For the following, answer true or false and give concrete example when asked

  1. There are some languages that cannot be expressed using an RE, but can be expressed using an NFA (if answer T, give an example)
  2. There are some languages that cannot be expressed using a DFA, but can be expressed using an NFA (if answer T, give an example)
  3. There are some languages that cannot be expressed using a NFA, but can be expressed using a CFG (if answer T, give an example)
  4. For every language that RE, DFA, and NFA recognizes, there exists a CFG that recognize that exact language (if answer N, give an example)

DFA and CFG (15 pts)

For each of the following languages over the alphabet \({a,b}\), determine if it can be recognized by a DFA. If yes, draw a DFA for it. If not, determine if it can be recognized by a CFG. If yes, write the CFG for it. If not, say No.

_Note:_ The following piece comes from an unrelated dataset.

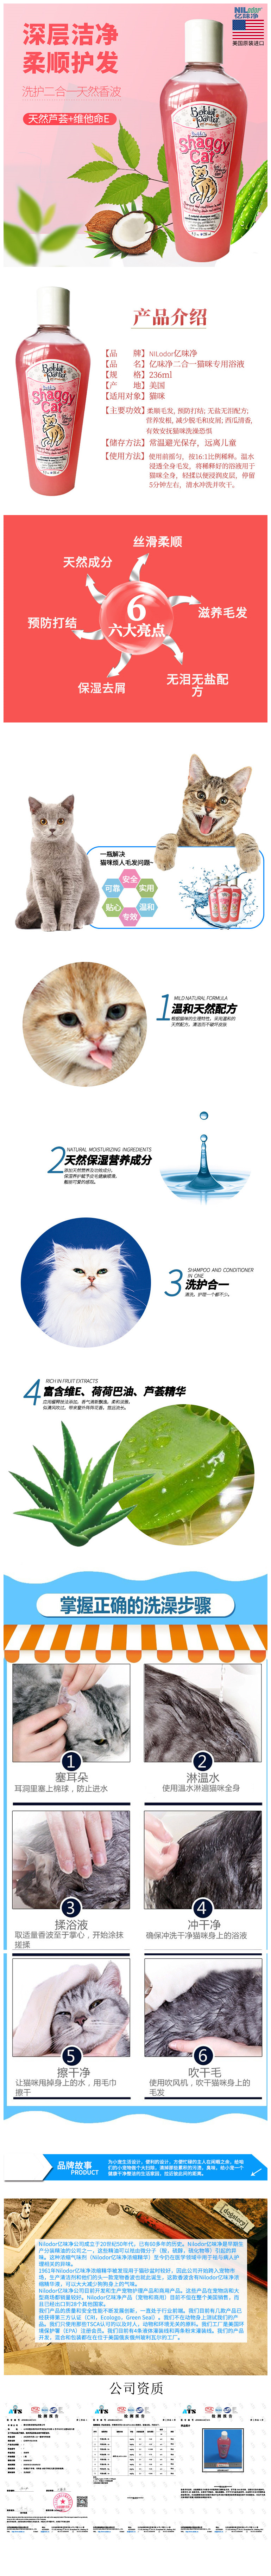 猫浴液长图.jpg

  1. (3 pts) languages consisting of strings having exactly two a's

  2. (3 pts) language consisting of strings having n a's followed by n b's, e.g., e, aabb, aaaabbbb.

  3. (3 pts) language over the alpha \(\{a,b,c\}\) consisting of strings having \(n\) a's followed by \(n\) b's followed by \(n\) c's, e.g., e, aabbcc, aaaabbbbcccc.

  4. (3 pts) language over the alphabet \({(, )}\) consists of all strings of properly nested parentheses, e.g., e, ()(), ((())), (()()).

  5. (3 pts) language consisting of strings that are palindrome

Parsing (15 pts)

  • (5 pts) Consider the grammar G

    S-> E
    E -> int
    E -> E + E | E - E
    E -> (E)
    

    1. (1 pts) Show that this grammar is ambiguous using the string int-int-int

    2. (4 pts) This grammar is left recursive. Rewrite it to eliminate left recursion (but is still equivalent to the original grammar). That is, provide a grammar G' such that L(G) = L(G') but G' admits no derivation X --->* Xa

  • (6 pts) The following grammar is left recursive.

    E -> E + T | T
    T -> id | (E)
    
    For each of the following, explain whether it eliminates left recursions and is equivalent to the original grammar. If it is NOT equivalent to the original grammar, give an example showing the difference.

    1. G1: E -> E + id | E + (E) | id | (E)
    2. G2
      E -> TE’
      E’ -> +TE' | e
      T  -> id | (E)
      
    3. G3
      E -> E’ + T | T 
      E’-> id | (E) 
      T -> id | (E)
      
    4. G4
      E -> id + E | E + T | T 
      T -> id | (E)
      
  • (4 pts) Consider the string s = id + id * (id) and the grammar:
    E -> T  | T + E
    T -> id | id * T | ( E )
    
    1. (2 pts) Draw the parse tree for s
    2. (2 pts) Draw the AST tree using any of the drawn parse tree

LL(1) Grammar (4 pts)

Consider the grammar

E -> T + E | T 
T -> int | int * T | ( E ) 

  • (1) Explain why Recursive Descent algorithm would have backtracking problems with the above grammar.
  • (3) Rewrite this grammar to an LL(1) grammar to avoid the problem.